*Task details*. Output every line below exactly, please, omitting pictures.

*Provided data*.
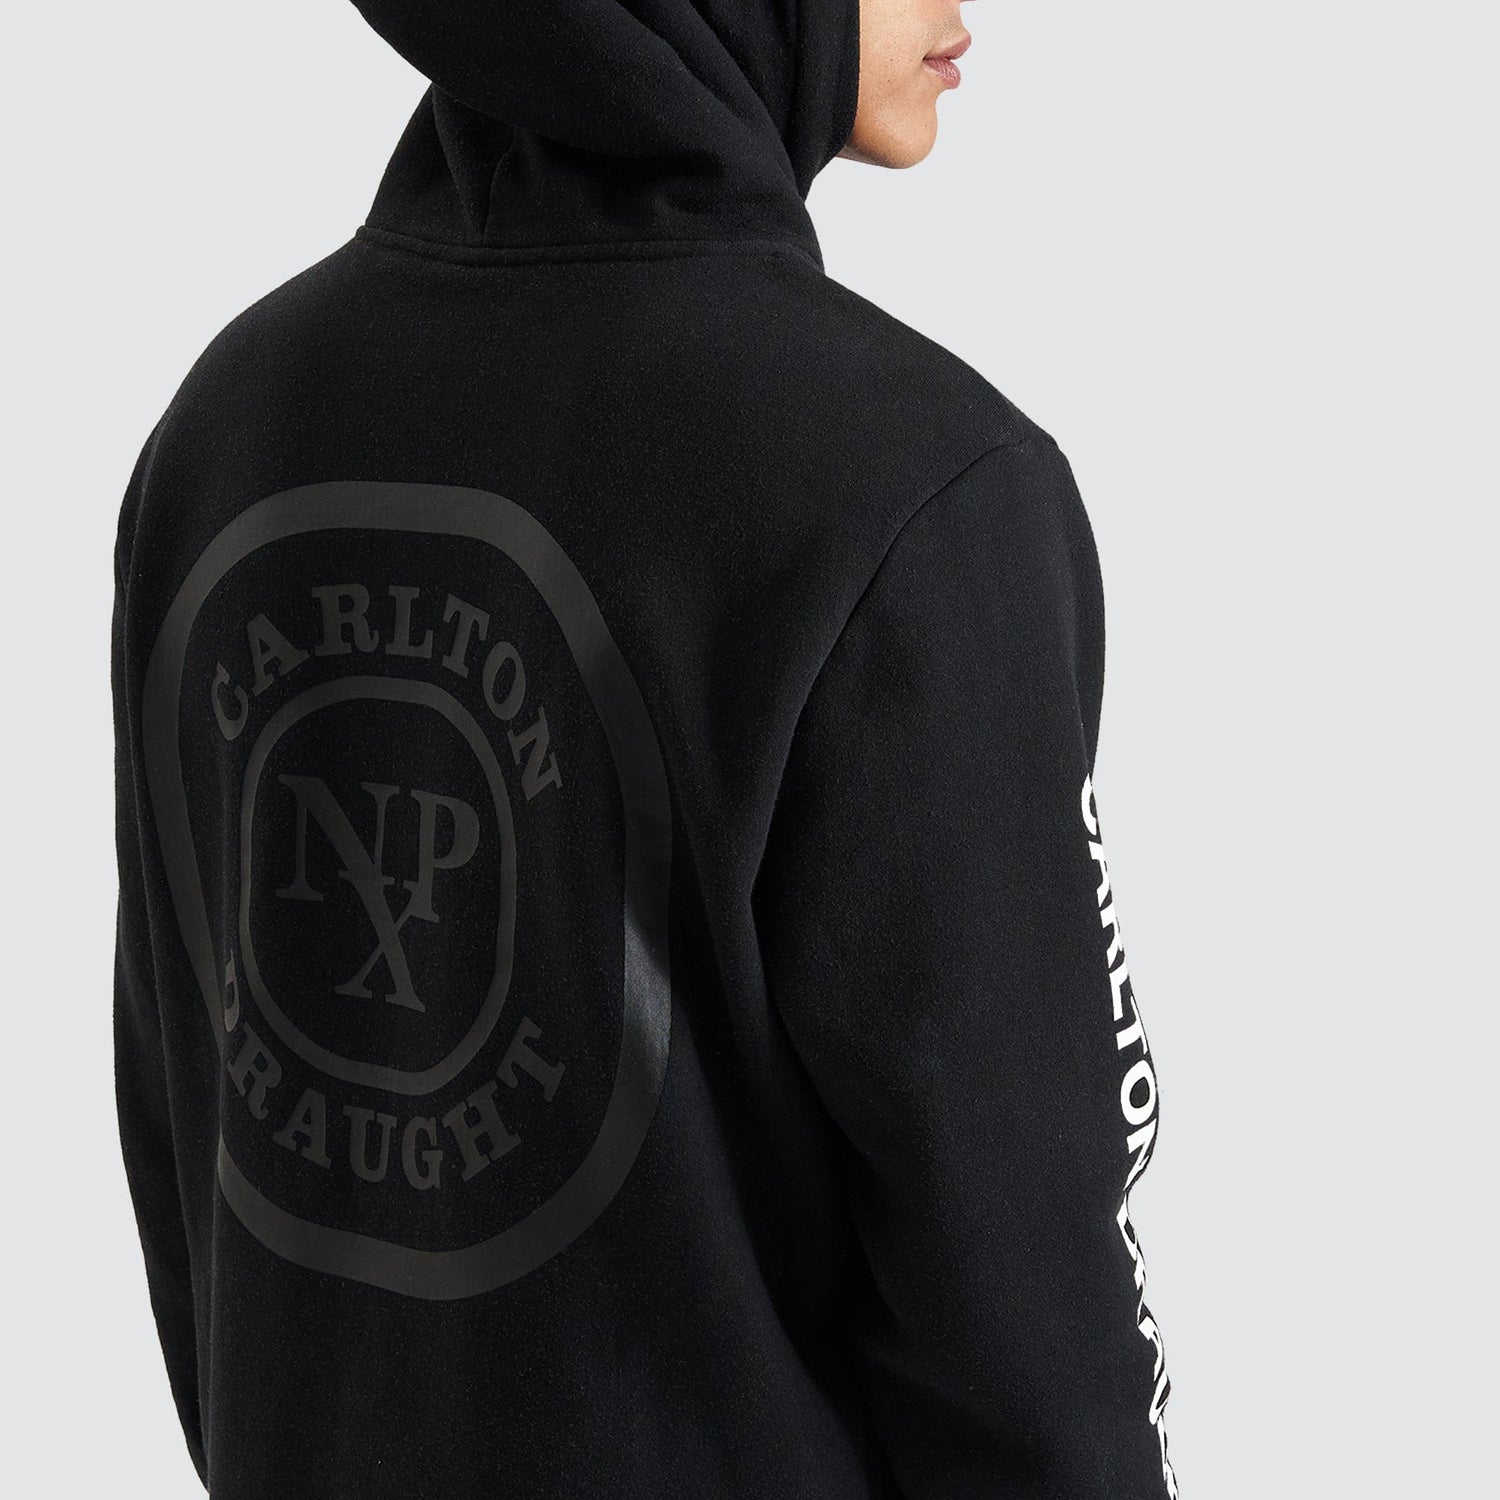 Drummond Dual Curved Hooded Sweater Jet Black
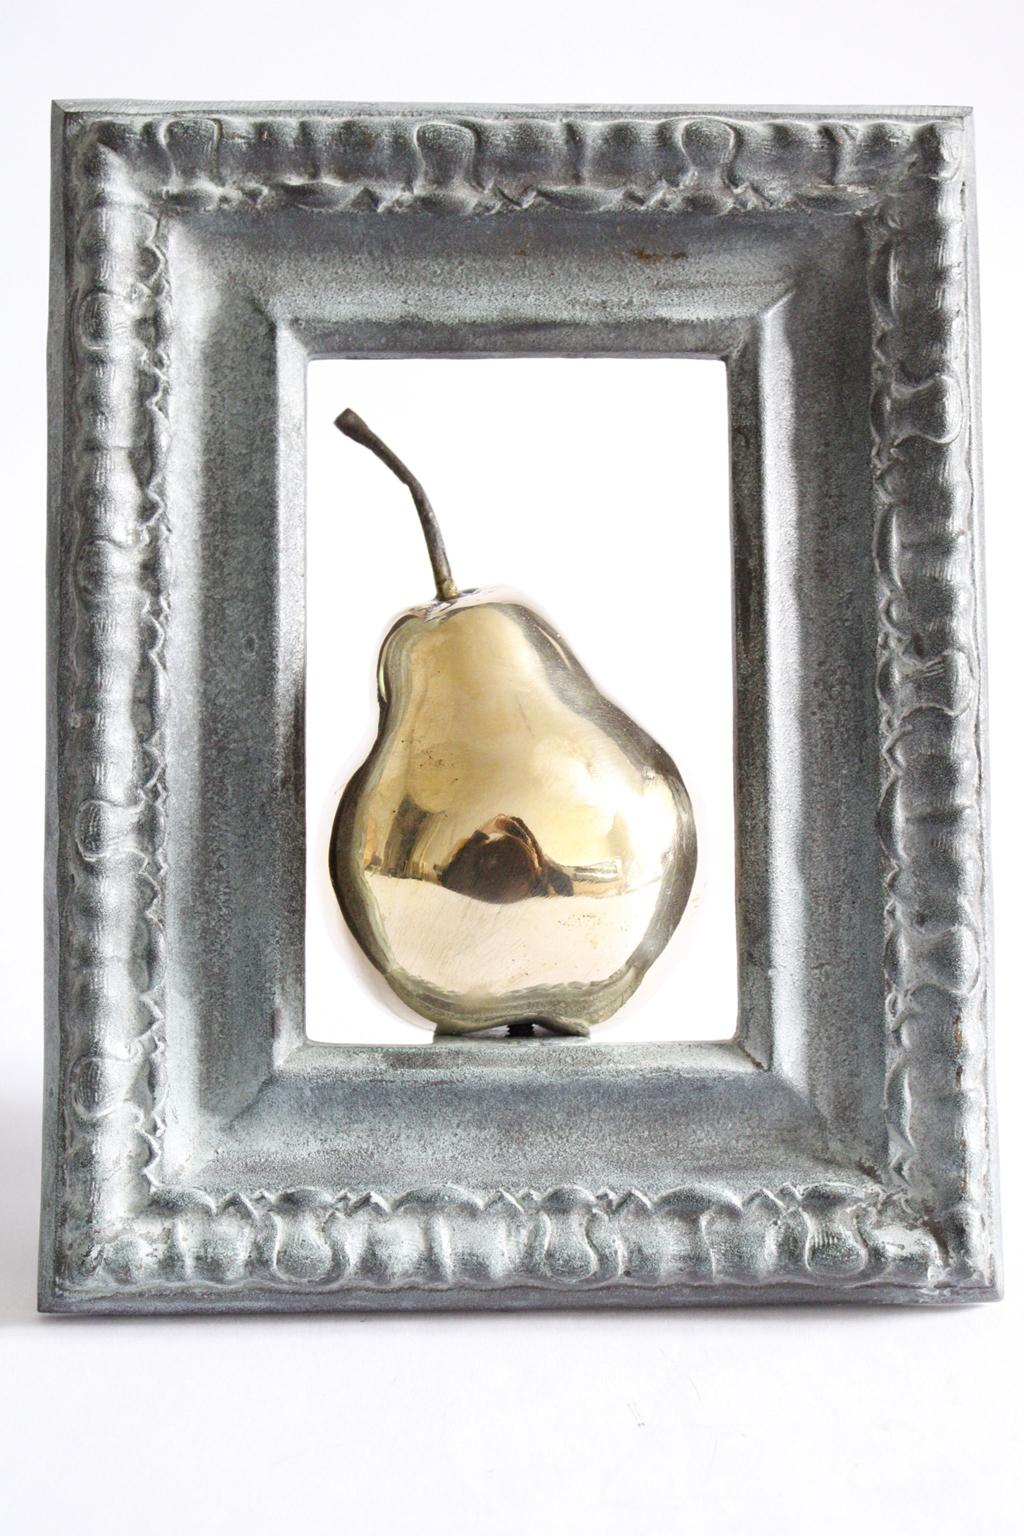 This is a joyful bronze sculpture multiple art work signed by the well known Italian artist Concetto Pozzati. Title Pear (O'pera)

This is a multiple of a numbered edition of 1.000 pieces. The pieces were made in 1980 but they can be considered as
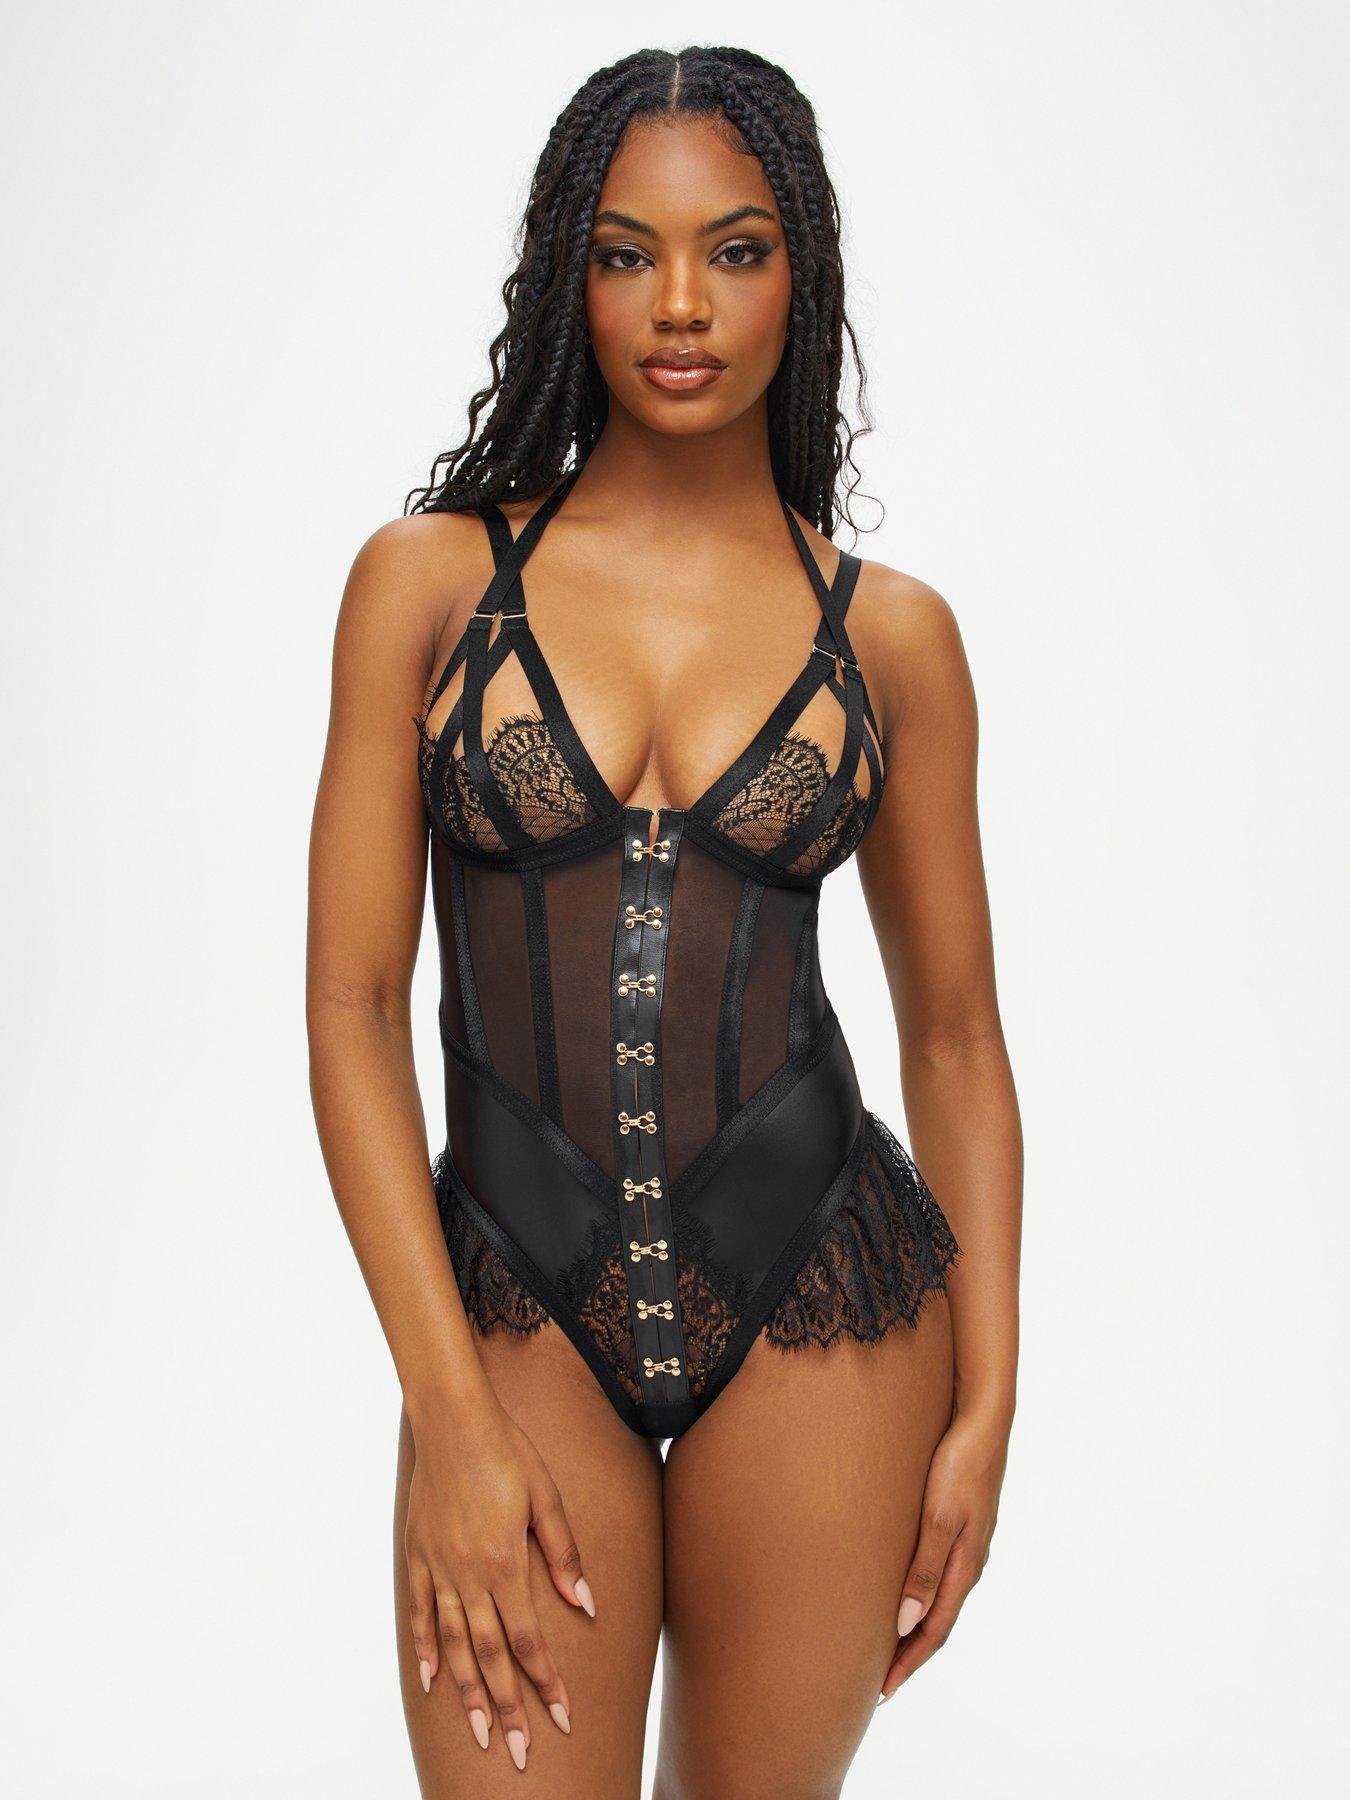  Women Sexy Teddy Lingeries Eyelash Lace Spaghetti Strap  Bodysuits Rompers Black L: Clothing, Shoes & Jewelry

*Result for this task*.
 Drummond Dual Curved Hooded Sweater Jet Black
 This is a joyful bronze sculpture multiple art work signed by the well known Italian artist Concetto Pozzati. Title Pear (O'pera)

This is a multiple of a numbered edition of 1.000 pieces. The pieces were made in 1980 but they can be considered as
  Women Sexy Teddy Lingeries Eyelash Lace Spaghetti Strap  Bodysuits Rompers Black L: Clothing, Shoes & Jewelry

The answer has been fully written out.